Let’s discuss steps to predict salary using regression here. The regression model used is multi linear regression.
Assume that, a company’s salary for it’s programmers is as shown below
Total, Lead, Manager, Certifications, Salary
So in the table, there are some independent variables
they are total years of experience, total years of experience as team lead, total years of experience as project manager and number of certifications he has.
And the dependent variable is salary.
So we can try to predict salary of an employee
with 5 years of total experience, 2 years as team lead and one year as project manager. Assume that he took 2 certifications too.
First step is create independent variable matrix
Let’s take all rows and columns expect the last column
X = dataset.iloc[:, :-1].values
Now let’s take the dependent variable vector, it’s the last column (5th column, index starts at zero so last column index is 4)
Y = dataset.iloc[:, 4].values
Now let’s split the data in to training and test set.
X_train, X_test, y_train, y_test = train_test_split(X, Y, test_size = 0.2, random_state = 0)

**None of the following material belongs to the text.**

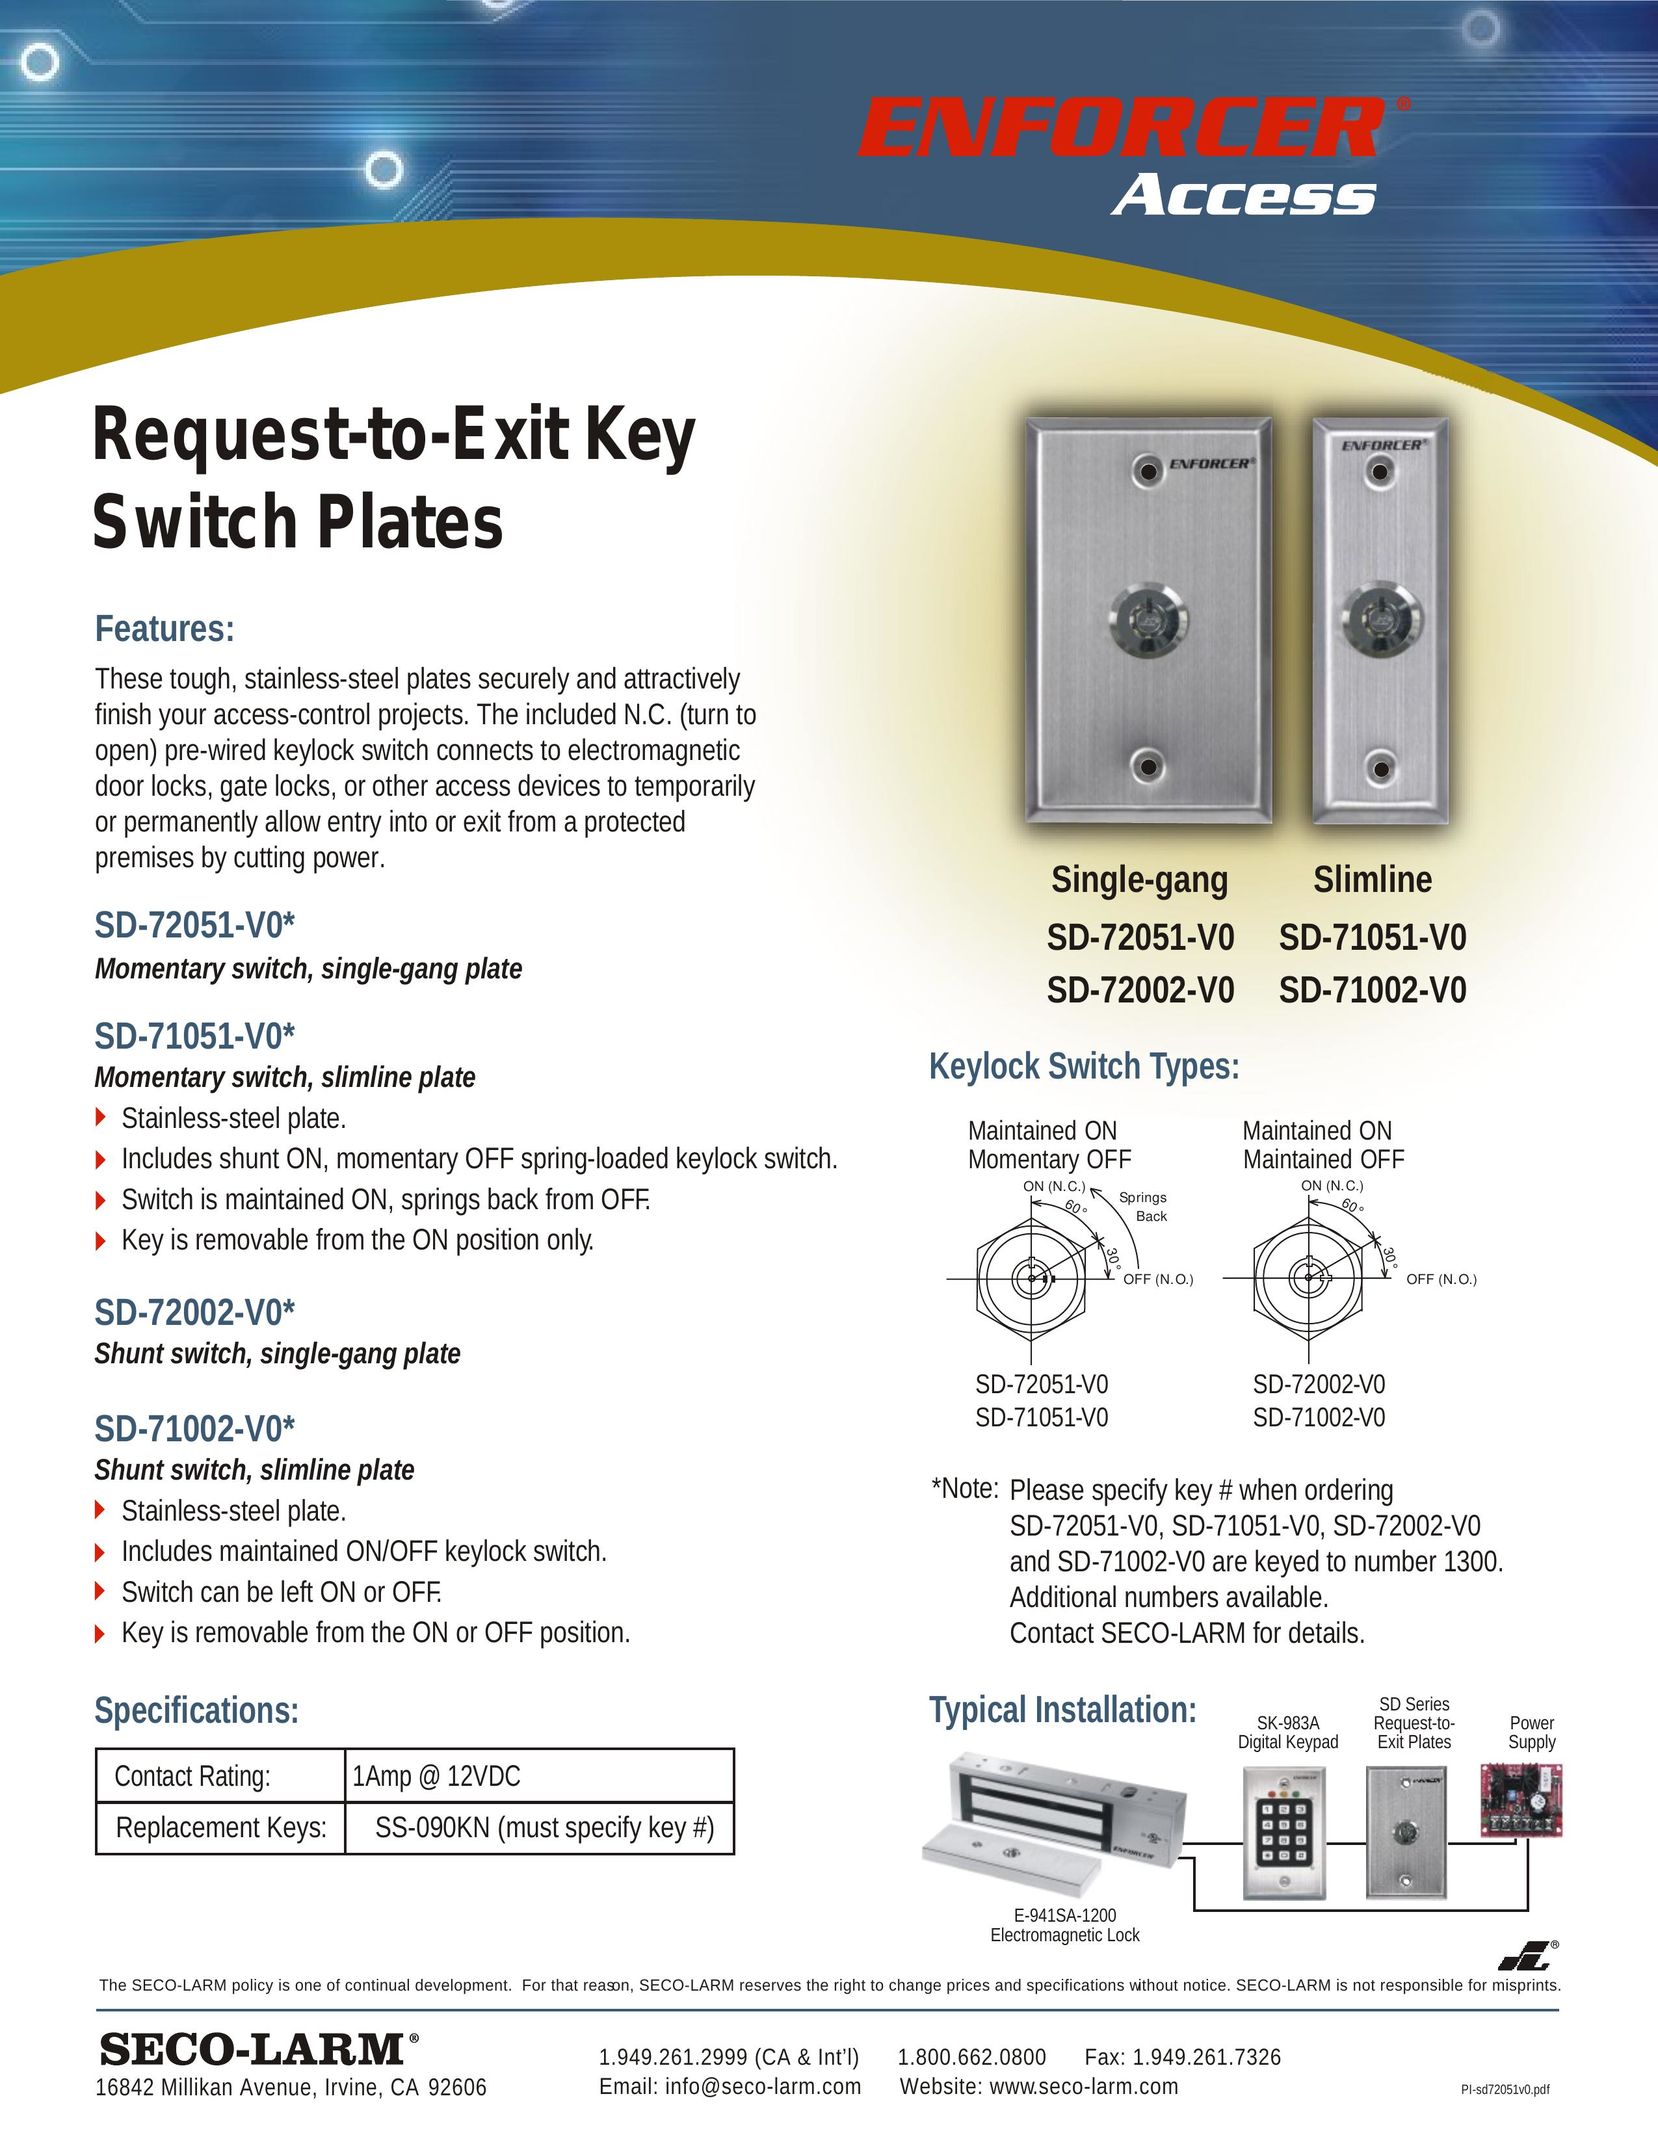 SECO-LARM USA SD-71002-V0 Door User Manual

Now let’s fit the data to the linear regression
regressor = LinearRegression() regressor.fit(X_train, y_train)
Now we can predict salary of an employee using the regression object as shown below
total = 5
lead = 2
manager = 1
cert = 2
We have created an api.py, which will listen for requests on port 5000
Our below API call return the predicted salary as 48017.16738197425
curl -X POST -d “total=5&lead=2&manager=1&cert=2” http://127.0.0.1:5000
Now let’s calculate accuracy of our prediction as shown below.
accuracy = (regressor.score(X_test,y_test))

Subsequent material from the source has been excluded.